Creating the space for your customer to ask questions lets them address their concerns about how your business can work in their unique situation, enables you to see what factors are affecting their decision, and allows you the opportunity to give the customer confidence in your company.
1. Address Concerns
While this prospective client may look like all of your other customers, they will have questions that are unique to their business. They may be looking for a new vendor or be new to the industry. Wherever they are on the spectrum, make sure they have time to ask their questions, so you can give them the answers they need.
If you don’t ask for their questions, they may make assumptions or walk away with misinformation that could negatively impact their decision. Plus, allowing them to share their concerns, gives you the opportunity to let them know they matter to you, and you want to help them.
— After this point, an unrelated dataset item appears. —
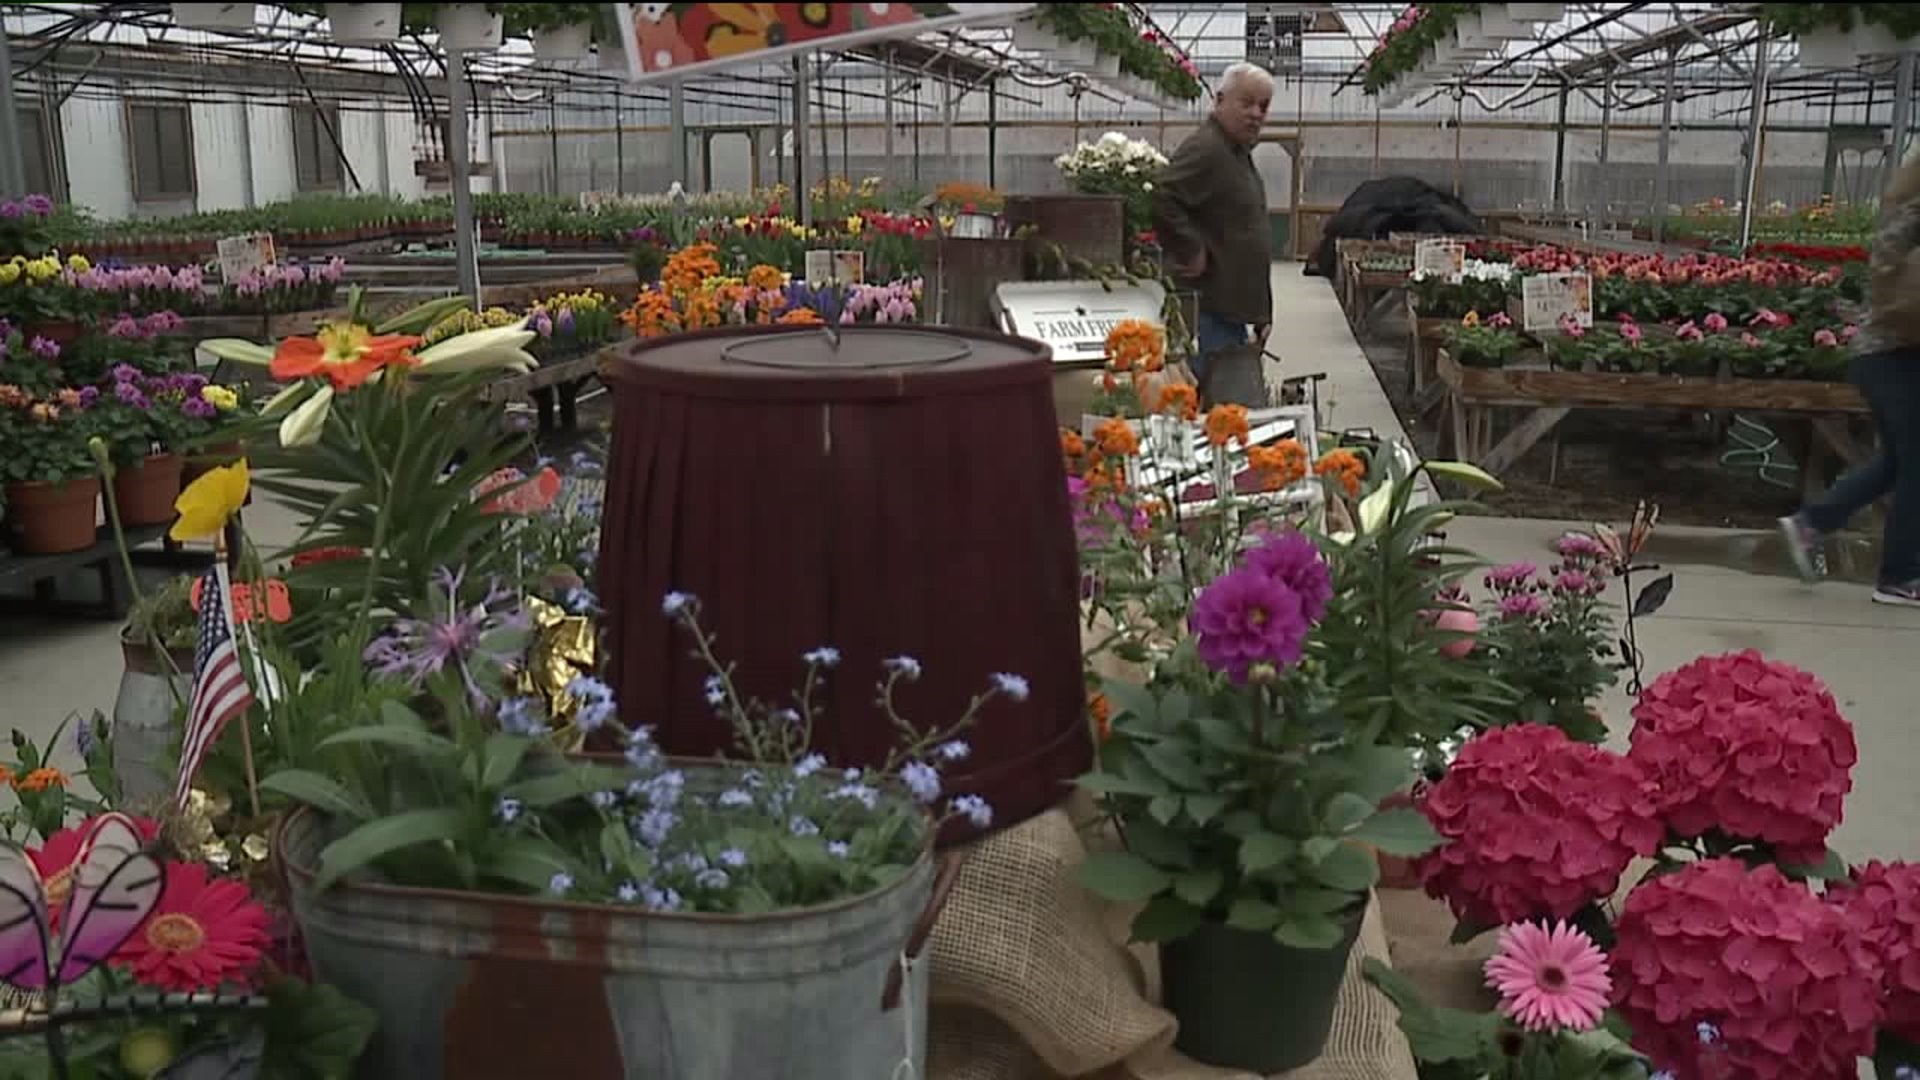 Local Greenhouse Opens for the Season

2. Identify Decision Factors
If you pay close attention to the questions your potential customer is asking, you’ll notice factors that are weighing in on their decision. For example, if they ask a lot of questions about pricing, they may be working with a tight budget or a large order. If they ask about turn around times and expected due dates, they may be on a tight timeline. Extremely detailed questions may reveal areas where they’ve run into issues in the past.
As you listen to their questions, look for the signs they are revealing. This will allow you to address the important factors affecting their decision, and even if you can’t meet their price point or deadline, it’s better for everyone if you identify and address it early on.
3. Build Confidence
With each question you address, you are building the prospect’s trust and confidence in your company. You are removing the barriers from their “Yes.” Even saying “I’m not sure, let me find out” or “Give me some time, and I’ll get that answer to you this week” lets them know you care about their questions and sincerely want to do business with them. Working to find the answers they need, helps your potential client get to their informed decision sooner.